Adams made the 8-by-10-inch negative for Moonrise in the late afternoon of November 1, 1941, while photographing in the Southwest on behalf of the U. S. Department of the Interior and the U. S. Potash Company of New Mexico.  Driving back to their motel after an unproductive day of photographing, Adams and his companions—son Michael and fellow photographer Cedric Wright—passed the tiny town of Hernandez.  Struck by the quality of light upon the town and its cemetery, Adams immediately pulled the car over to the side of the road and hastily assembled his equipment.  Drawing upon his vast reservoir of photographic expertise, Adams made his exposure in the dying light without the benefit of his light meter.  Before he had the chance to make a second exposure, the sun sank behind a bank of clouds, and the light changed completely.  A full account of the taking of Moonrise, and its subsequent printing history, appears in Mary Street Alinder's Ansel Adams: A Biography (New York, 1996).  

The resulting negative, made quickly and under trying conditions, proved difficult to print.  In order to make a print from it that met his high standards, Adams had to spend a great deal of time and energy in the darkroom coaxing the image through the printing process.  Because of this, Adams made only a few prints of the image in the early 1940s.  One was made for his friend Beaumont Newhall, Curator of Photography at The Museum of Modern Art.  This print, now in MoMA's collection, was used by Edward Steichen for reproduction in the 1943 U. S. Camera Annual.  Much handled over the years, the print is visibly worn.  Adams also made a print of the negative at David McAlpin's request, and this is now in the collection of Princeton University Art Museum.  It is believed that there are two other early prints in private collections. 

Based upon the evidence of Adams's 1946 letter to the original owner, it is very likely that the print offered here is among the small group Adams made prior to late 1948.  In December of that year, due to increasing print orders for Moonrise, Adams took the radical step of reprocessing the negative to make it easier to print from.  After re-fixing and washing the negative, Adams submerged it up to the horizon line in Kodak IN-5 intensifier.  This increased the density in the foreground, making it comparatively easier to print.  After that point, Adams was able to fulfill print orders for the image, and in the following decades Moonrise became his most requested photograph.

The original recipient of this print was an amateur photographer and resident of the San Francisco Bay Area.  A long-time member of the California Camera Club, he and his wife spent their summers in Yosemite National Park, and it was there that he first encountered and became friends with Adams.  In the 1940s, Adams made a number of portraits of the owner and his family members.  Aside from Moonrise, the owner acquired several other photographs from Adams, as well as a number of Adams's books, all warmly inscribed by the photographer. 

The extant prints of Ansel Adams's iconic image, Moonrise, Hernandez, New Mexico, offer the best tool for understanding the photographer's evolving printing technique.
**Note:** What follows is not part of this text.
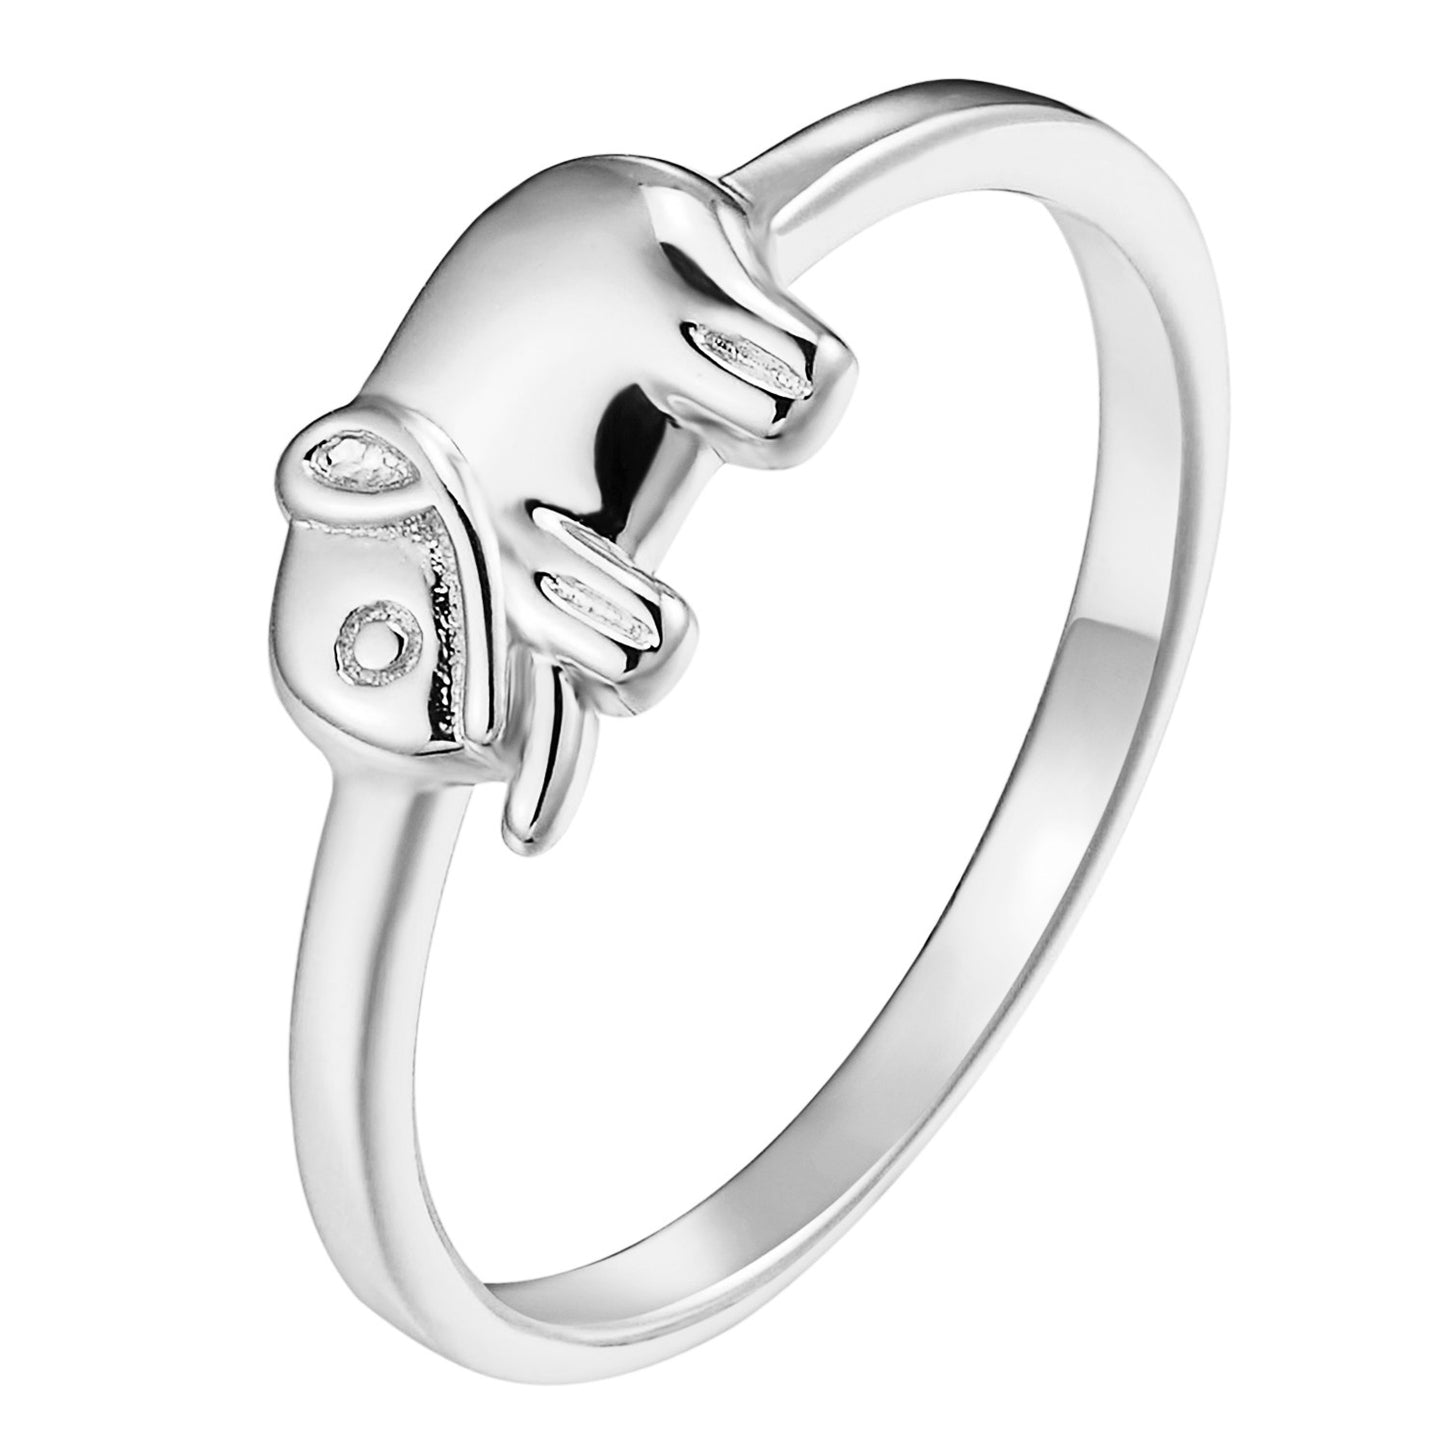 Sterling Silver Womens Elephant Ring 925 Trunk Up Unique Style Sizes 6 7 8

The appearance of a previously unknown early print of the image, such as the photograph offered here, provides an opportunity to see Adams's rendering of the image only a number of years after he made the negative.  Whereas later prints of Moonrise depend for their impact upon stark contrasts—between the black sky and the white headstones, for instance—this print presents a very different interpretation of the image.  This early print depicts a twilight scene, as opposed to the stark night-time appearance of Adams's later prints.  In this print, the landscape and buildings are bathed by the last rays of the setting winter-time sun.  Like all of Adams's prints of Moonrise, this print fulfills the requirements of Adams's Zone System technique, encompassing tones that range from the deepest black to the brightest white.  Much of this print's information, however, is delivered in the gray mid-tones.  The openness of the tonality in the sky – and the cloud detail visible there – is one of the chief differences between this print and later ones.